Поклонился я ему до земли, да с тем и поехал... За Саянами, в Белоцарске, да вокруг него тоже неспокойно – и китайцы, и красные, и белые, и хрен поймешь еще какие. И разговор у всех один – либо с нами, либо к стенке! А как за Грязнуху, вверх по Каа-Хему ушел – тишина да благодать, чисто рай земной! Первым делом к старцам святым, что всем заправляли там, на поклон пришел. Так, мол, и так, дозвольте жить тут в смирении. Золотишко, что дядька на дорогу дал, к поклону приложил. Дозволили... Только когда огляделся у них – шибко не по нутру пришлось мне житье ихнее. Ушел я да так и стал, ни в тех ни всех. Выбрал распадочек укромный, никем не занятый, заимку срубил, да там и обосновался. Поначалу шибко трудно было, тайги-то я до той поры, почитай, не видывал. Не до охоты было. С измальства в батраках, а потом война... И опять дядькино добро помогло. В Бельбее на казачью сбрую да седло доброе выменял у мужика зажиточного десяток капканов, соли, табаку да чаю на первое время, научился плашки делать да настораживать, петли ставить. Жить захочешь – всему научишься! А зверь в тайге тогда был непуганый. Словом, пробедовал я первую зиму, плохо ли, хорошо ли, а к весне даже на ружьишко шкурок набралось. На людях старался не показываться, разве что по нужде в Бельбей выбирался да и то ненадолго. Доходили слухи, что красные верх взяли, будто землю бедноте раздают, да только не больно спешил я объявляться- то. Оно, знаешь, пуганая ворона и куста боится...

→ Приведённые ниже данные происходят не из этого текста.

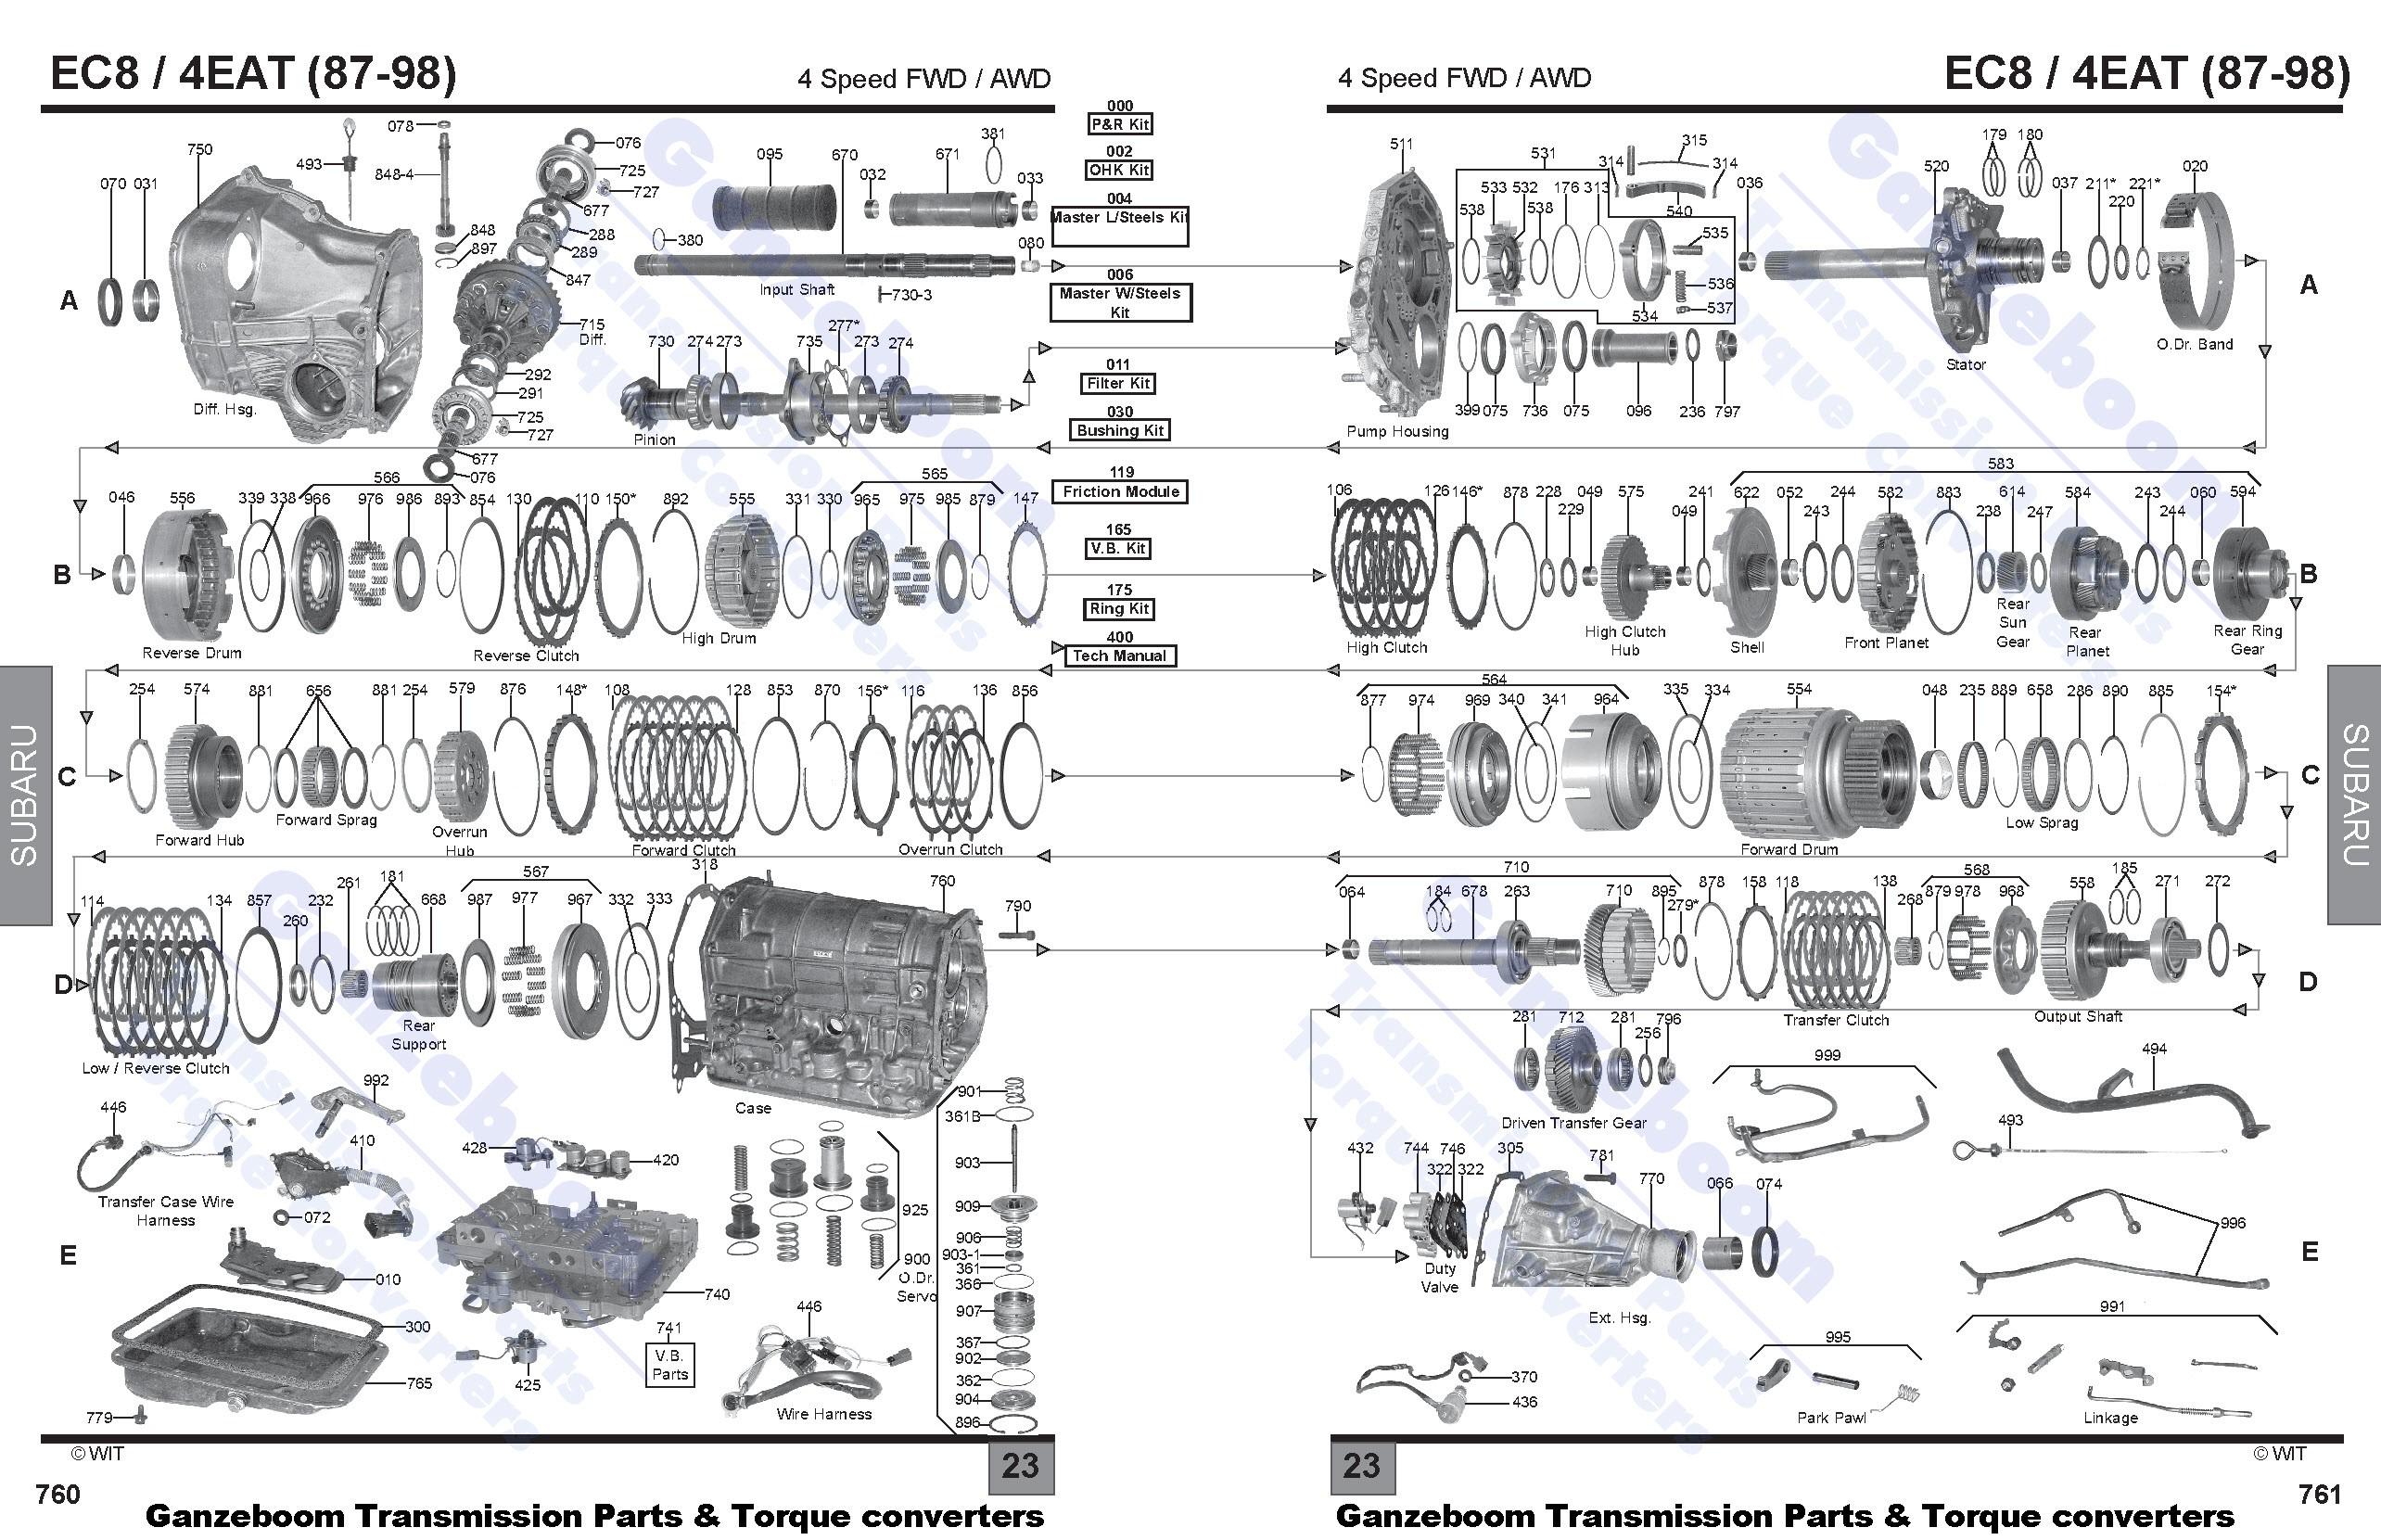 r4ax-el (87-98) 4 speed with band - subaru - parts ... subaru automatic transmission diagram jeep wrangler automatic transmission diagram

Дед помолчал, будто вспоминая, потом глянул на меня:
– Слышь, Вадимыч, а можа, спать будем? Засиделись мы, время-то, чай уж, заполночь, а?
Не дожидаясь моего ответа, дунул на фитиль лампы, в наступившей темноте долго с кряхтением укладывался, потом затих. Я подождал еще немного, и думая, что дед уснул, тоже повернулся к стене... Дед спросил:
– Не спишь, Вадимыч? Резбередил ты меня, сон не берет... Лучше дальше буду рассказывать. В начале третьей зимы напасть эта случилась. Я к тому времени совсем освоился, даже бабенку себе приглядел. В первую весну как-то заночевал у нее да с тех пор и присох. Все бы ничего, да только к началу третьей зимы взяла меня Танюхав оборот:
– Сколь еще, миленок, по тайге бирюком отсиживаться будешь? Я ить не девка – пришел, посопел под боком, и прости-прощай! И так уж соседи невесть что болтают... Извелась я, Васенька! Мне мужик в доме нужон. Люб ты мне, а только ежели не надумаешь к бережку прибиться, так и знай – ищи для постоя другую!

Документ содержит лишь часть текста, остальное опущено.